# Yi Jianlian fan club update (vol.1)



## Yao Mania (Aug 4, 2003)

*CBA*

Well Yi hasn't exactly been tearing it up in the Chinese Basketball Association (CBA) thus far, but seems like he's slowly establishing himself as a star in the league. Here's the latest news I can find on him:

http://www.fiba.com/pages/en/news/l...ookietest=done&r_act_news=5083&r_cat=8&page=1



> South Division strugglers Shanghai lost their 12th match of the season when they went down 96-72 at home to second-placed Guangdong.
> 
> Yi Jianlian scored 19 points, grabbed 11 rebounds and made four blocks for Guangdong with Liu Wei scoring 16 points for the losers.


19/11/4, not too shabby at all. Keep it up Yi, we expect to see your name pop up in the news more often!

*Mock Drafts*
Yi has slipped quite a bit in the 2006 mock drafts, I pressume it's due to the mystery behind his age. NBAdraft.net has already listed Yi as being born in 1984.

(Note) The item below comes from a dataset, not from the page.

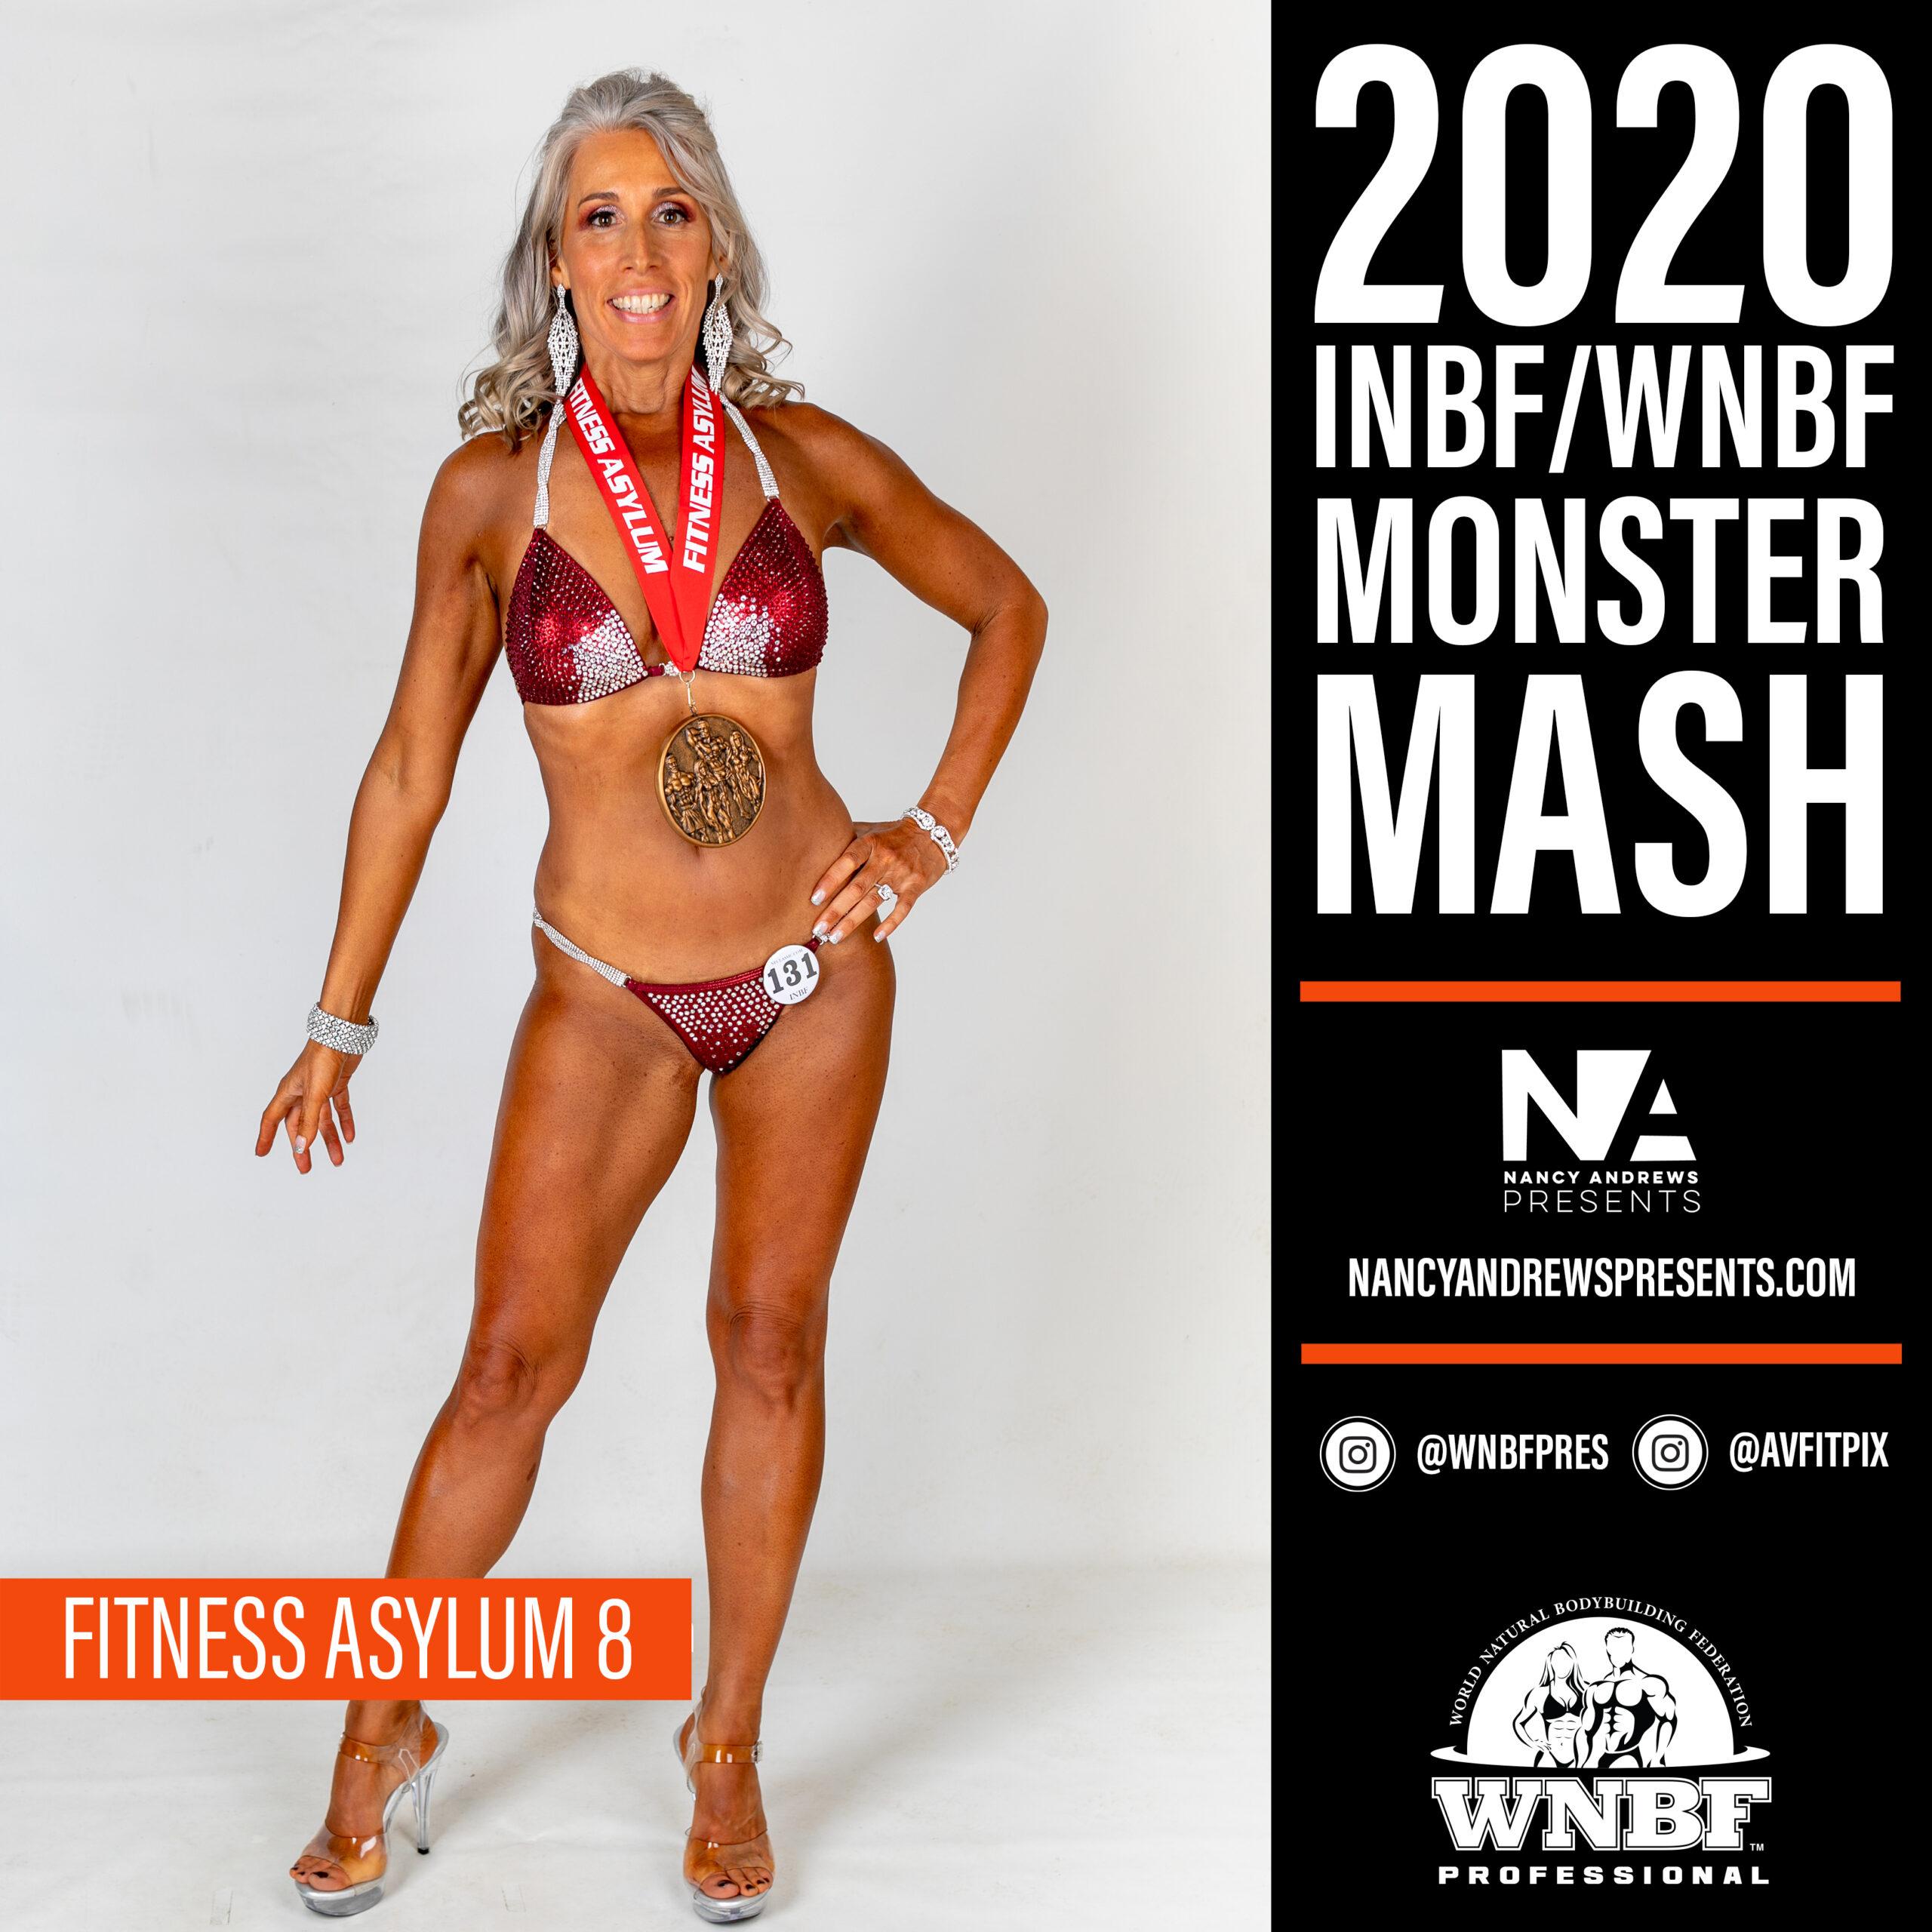 INBF Monster Mash 2020 - Fitness Asylum8

NBADraft.net - Yi ranked #10
DraftCity - Yi ranked #4

My info on Yi is limited to only what I can find on the Internet, so if any of you guys have anything to add please do so!


----------



## Yao Mania (Aug 4, 2003)

Wow you know what, if you Google for "Yi Jianlian fan club" the 2nd and 3rd results are links to my old posts!! How cool is that?


----------



## Iknowitall (Feb 22, 2003)

do you know what his season avg is?


----------



## Yao Mania (Aug 4, 2003)

> Originally posted by <b>Iknowitall</b>!
> do you know what his season avg is?


no I don't, there's only one site I know of that keeps track of the CBA league, but requires you to pay to access that information.


----------



## kisstherim (Jul 15, 2004)

well,his team is the CBA champion which won't risk putting the immature players in the starting lineup.there is a black guy in his position(Center)who has been staying in this team for many years.this dude is good,he often blocked Yao when Yao was young.honestly,he is better than Yi thus far,that's why Yi can't get many mins on the court.if he was in a team like Shanghai Sharks or Bayi Rockets,he would probably had some monster games.anyway,he did some awesome dunks recently and his shooting skill is improving.well,actually i don't watch CBA much after Yao Ming left.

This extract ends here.